The summit should aim to accelerate the development of a permanent regional defense architecture. Dedicated task forces led by U.S. Central Command, the IDF, and the militaries of Bahrain, Egypt, Jordan, Saudi Arabia, the United Arab Emirates would address air and missile defense, secure maritime navigation, counter terrorism from Shiite and Sunni extremists, and enhance intelligence sharing. Israel and the United States must work especially hard to align their strategies to prevent Iran from acquiring nuclear weapons. It is increasingly crucial that credible deterrence be established, because the weakening of Iran’s proxy network makes nuclearization a more attractive option.
ON THE SAME PAGE
It is in the interests of both Israel and its regional partners that the incoming Trump administration remains committed to the Middle East and willing to use force to guarantee the security of its allies and deter shared adversaries. This commitment to defending the region may face opposition from factions within the administration that have advocated for reducing U.S. international involvement. Trump has signaled that the United States would not intervene in Syria and has indicated a desire to complete the withdrawal of U.S. forces from Syria at a time when Russia’s and Iran’s positions have weakened.
Hamas’s shock attack on October 7 appeared to prove that Israel had far less control over the trajectory of its region than it had imagined. And for almost a year, Israel’s ensuing war in Gaza suggested the same. Over the past three months, Israel has reasserted its ability to shape Middle Eastern politics and security. Without brave leadership, however, Israel’s opportunity could slip away. Aspirations of extreme members of Netanyahu’s coalition to annex parts of Gaza and the West Bank, impose military rule in Gaza, or pursue a polarizing domestic agenda that weakens democratic institutions will severely hinder this progress.
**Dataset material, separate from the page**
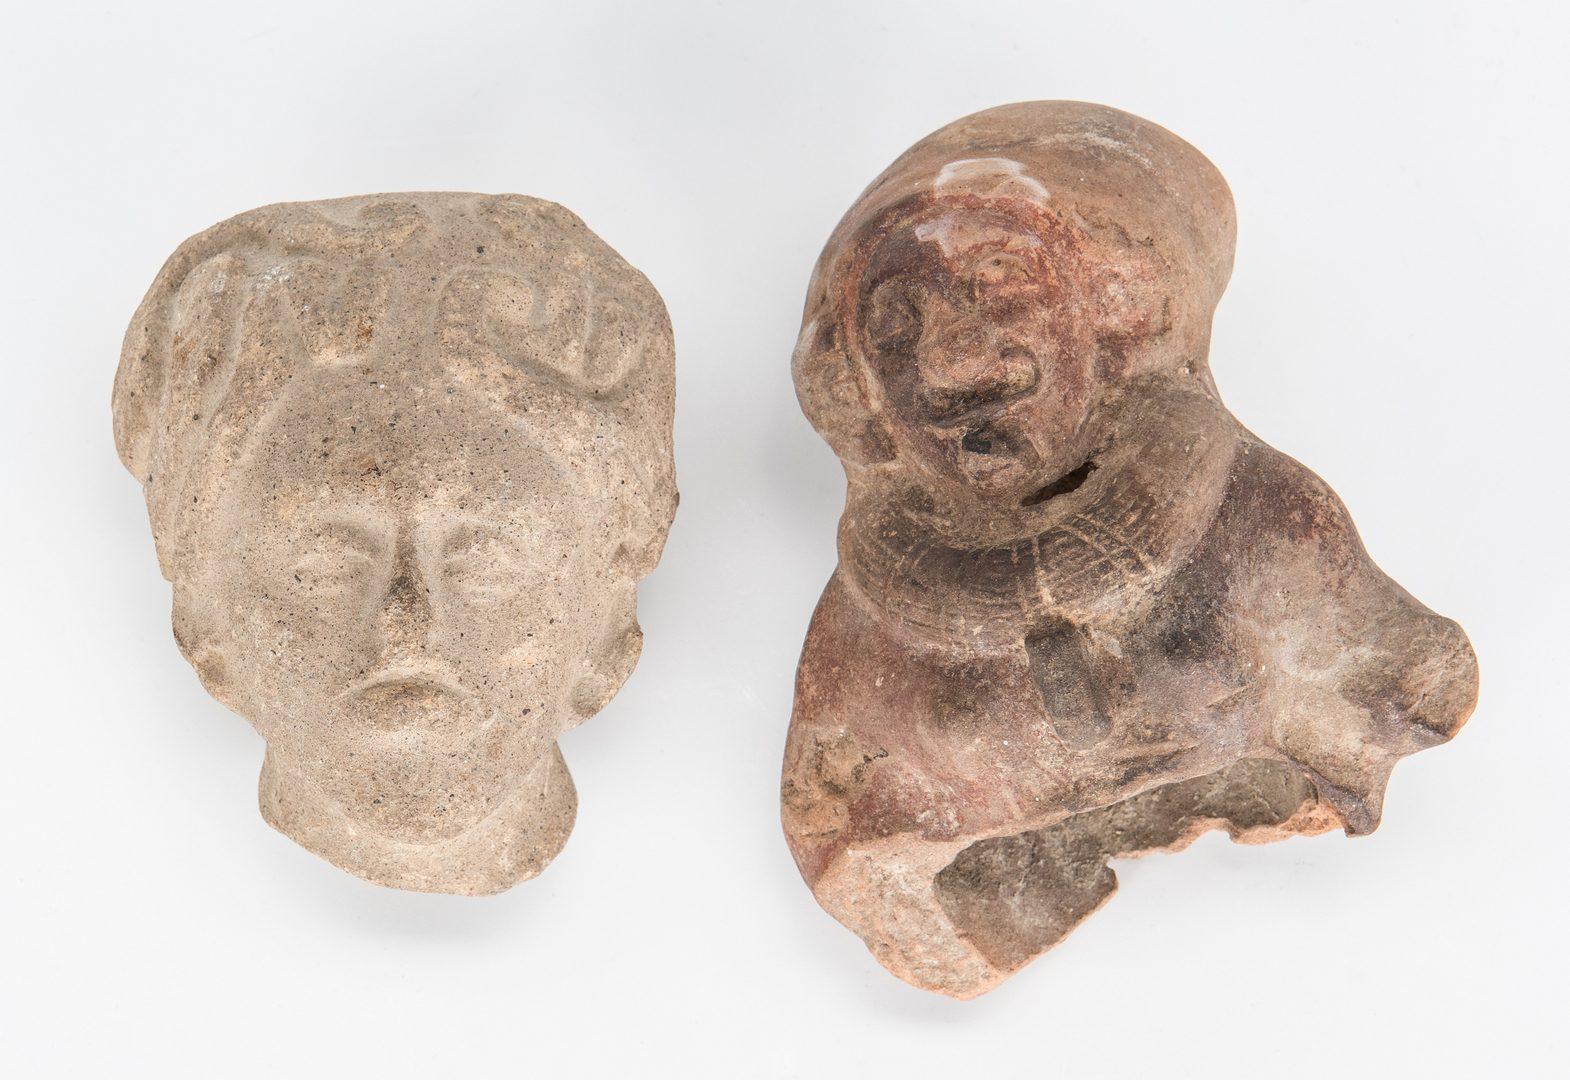 Lot 294: 23 Pre-Columbian Pottery and Stone Human Effigies

An Israeli government that advances the proposed vision will garner the support of the majority of its citizens and is more likely to strengthen Israel’s regional standing. Conversely, a government that does not curb its own extremist rhetoric and actions will only pave the way for an expanded regional conflict with no realistic end game—and play into the hands of the Iranian regime.
Sinwar and Iran’s leaders recognized the war’s potential to reorder the Middle East. Israel should settle for nothing less. But it must use its power swiftly and wisely. Only a vision for the region that addresses the threats posed by Iran, advances regional integration, and establishes a political horizon for the Palestinians, supported by a coordinated plan backed by the United States, Saudi Arabia, and the United Arab Emirates, can leverage Israel’s military success against Iran to accomplish a more stable, peaceful, and prosperous Middle East and capitalize on the opportunities that will emerge in the war’s wake.